Optimization of Ternary Nluc LgTrip

Prior to any functional testing of the methods developed thus far for labeling antibodies with ternary Nluc peptides, we turned our focus to optimizing the LgTrip component of the complementation system. As a critical part of the ternary Nluc detection reagent, an ideal LgTrip polypeptide needs to be stable on the bench or in the field, amenable to different storage conditions, and functional across a variety of environmental conditions and sample types. Though already relatively stable, we attempted to maximize the physical stability of LgTrip 3546 by constructing and screening a library containing all of the possible single amino acid changes across the full protein sequence.

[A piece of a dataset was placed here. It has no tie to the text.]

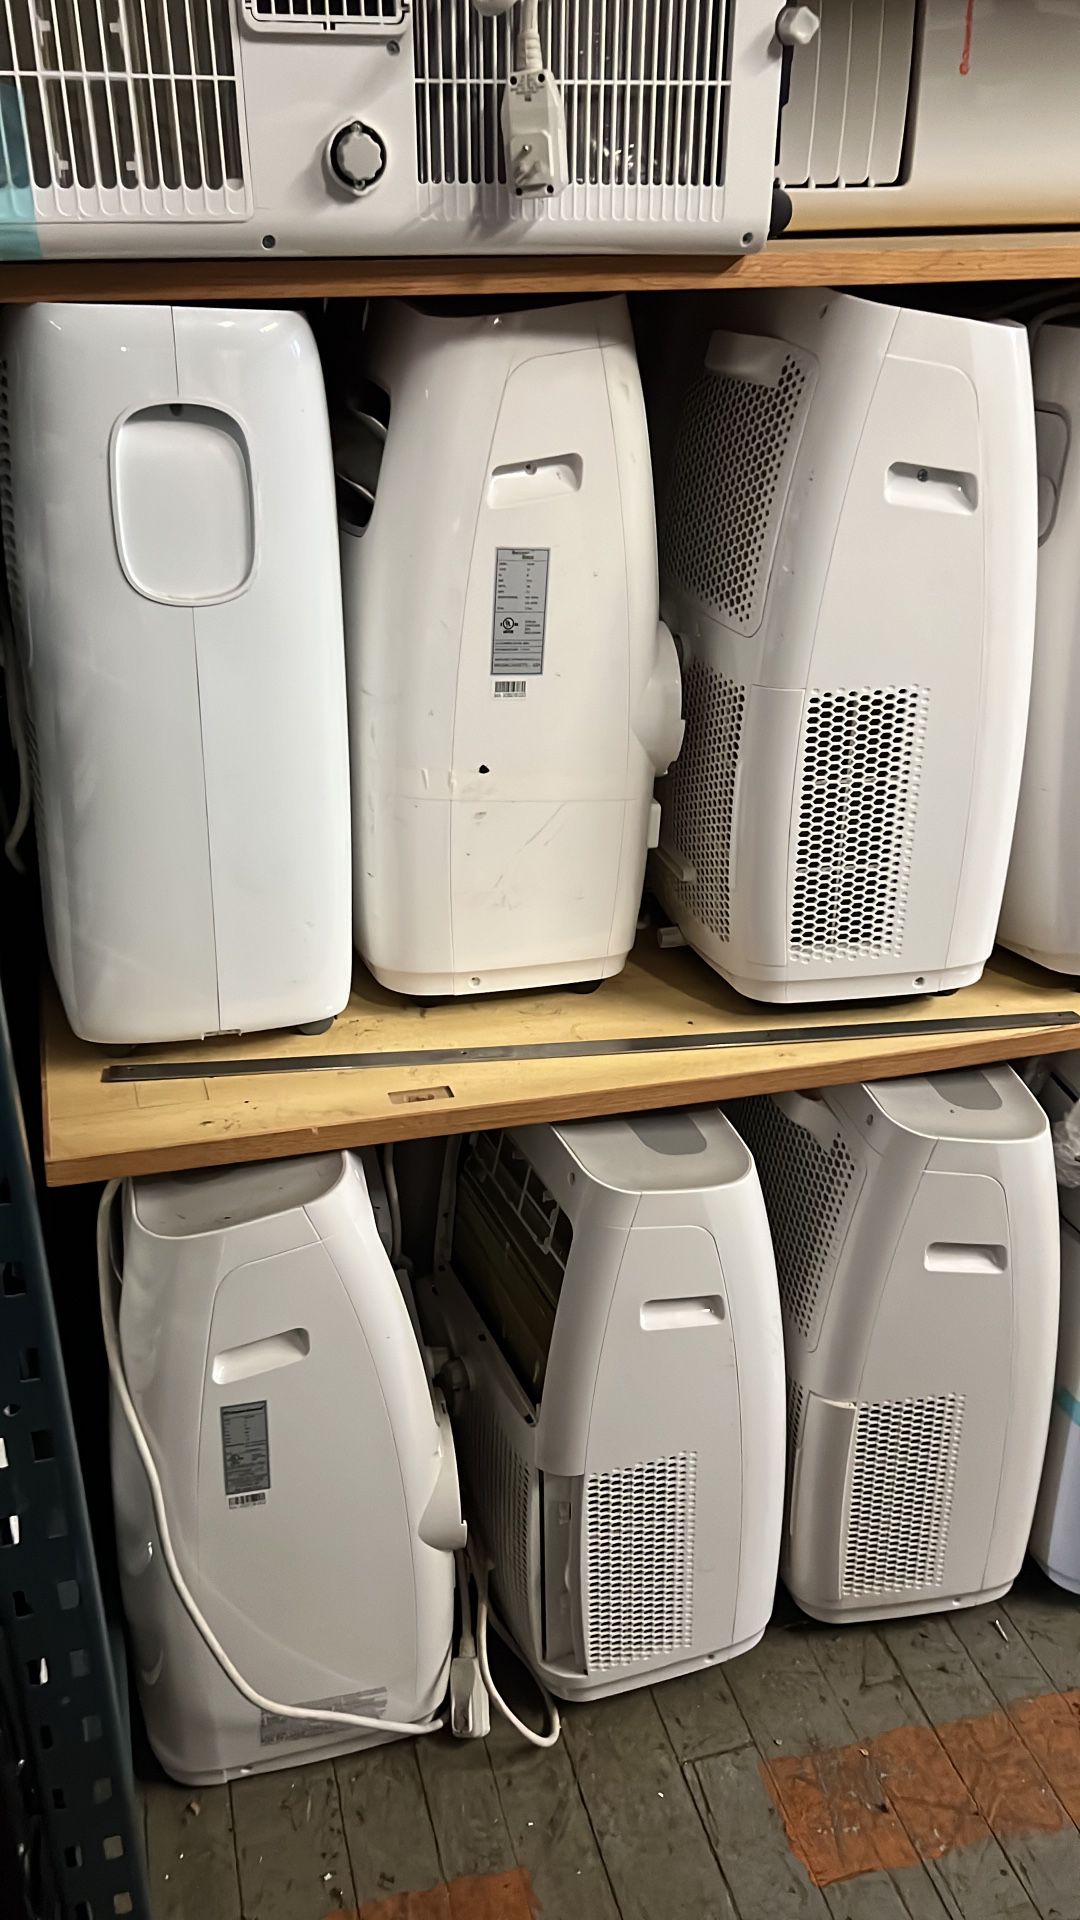 Brand New Portable Air Conditioners . No Hose No Attachments PLEASE READ AD
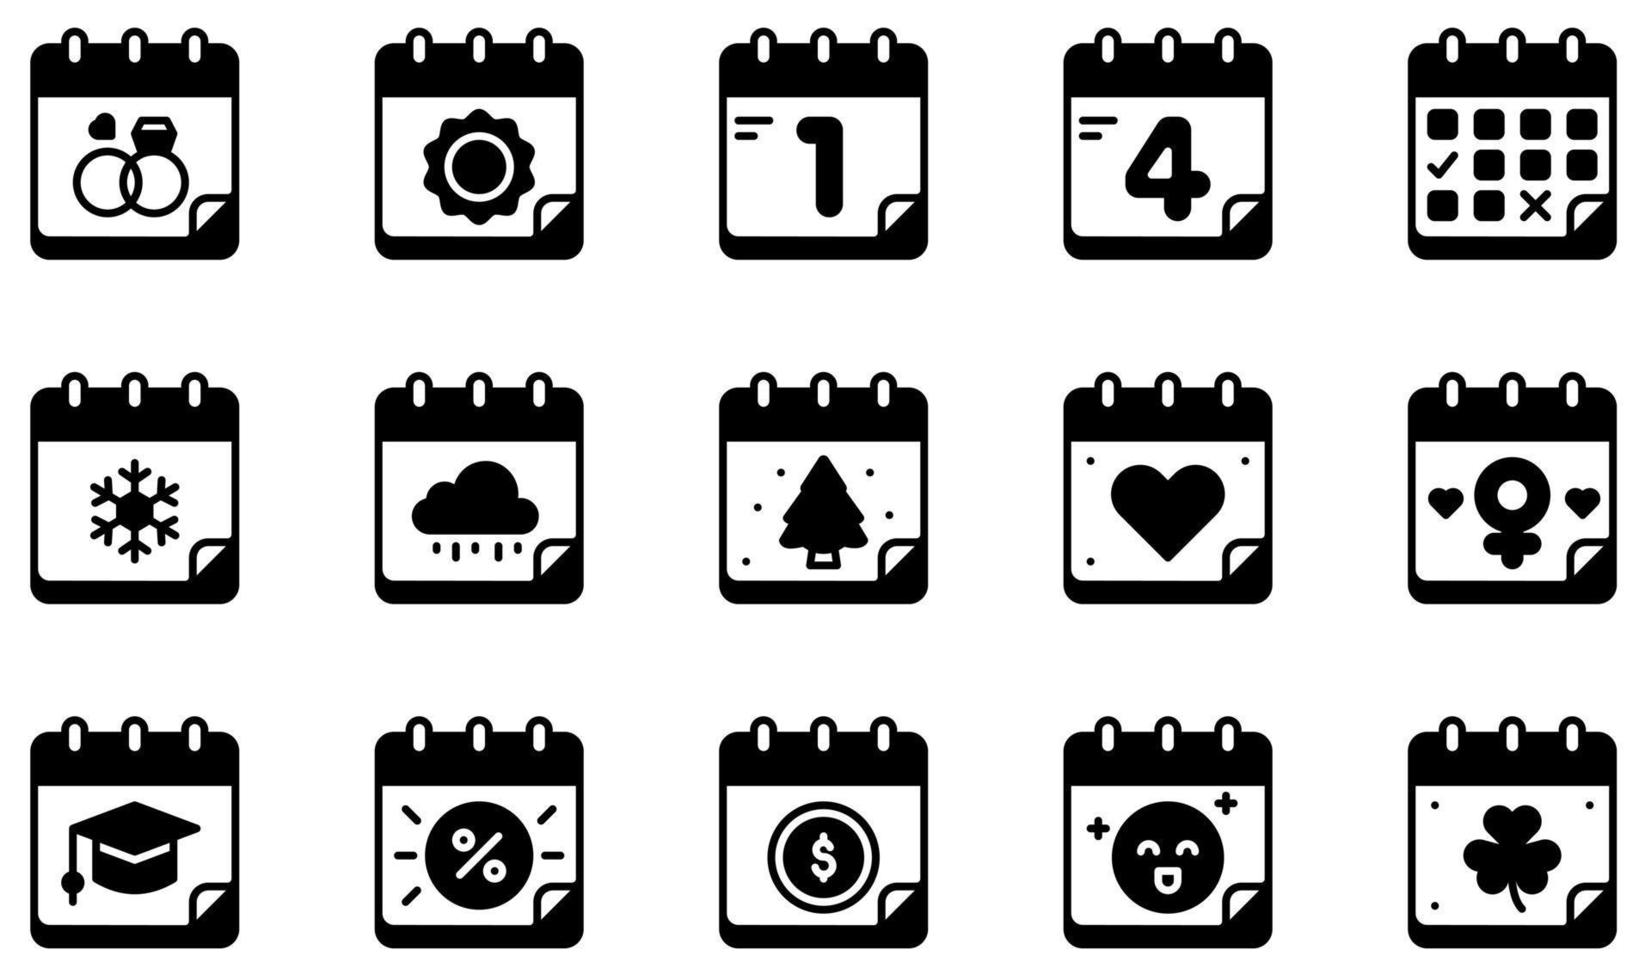 set di icone vettoriali relative al calendario e alle date. contiene icone come calendario, giorno, ora, evento, pianificazione, amministrazione e altro ancora.

The recently reported LgTrip 3546[9] was identified by screening mutant libraries created by error-prone polymerase chain reaction (PCR), a method known to have mutational bias.[27] We reasoned that a more comprehensive and diverse single amino acid substitution library would allow better examination of sequence space and enable the identification of LgTrip variants with even greater stability. In turn, we built and screened the more comprehensive library for luminescence output and thermal stability as previously described.[9] Mutants displaying greater than 40% improvement in luminescence were sequenced, genetically combined, and rescreened.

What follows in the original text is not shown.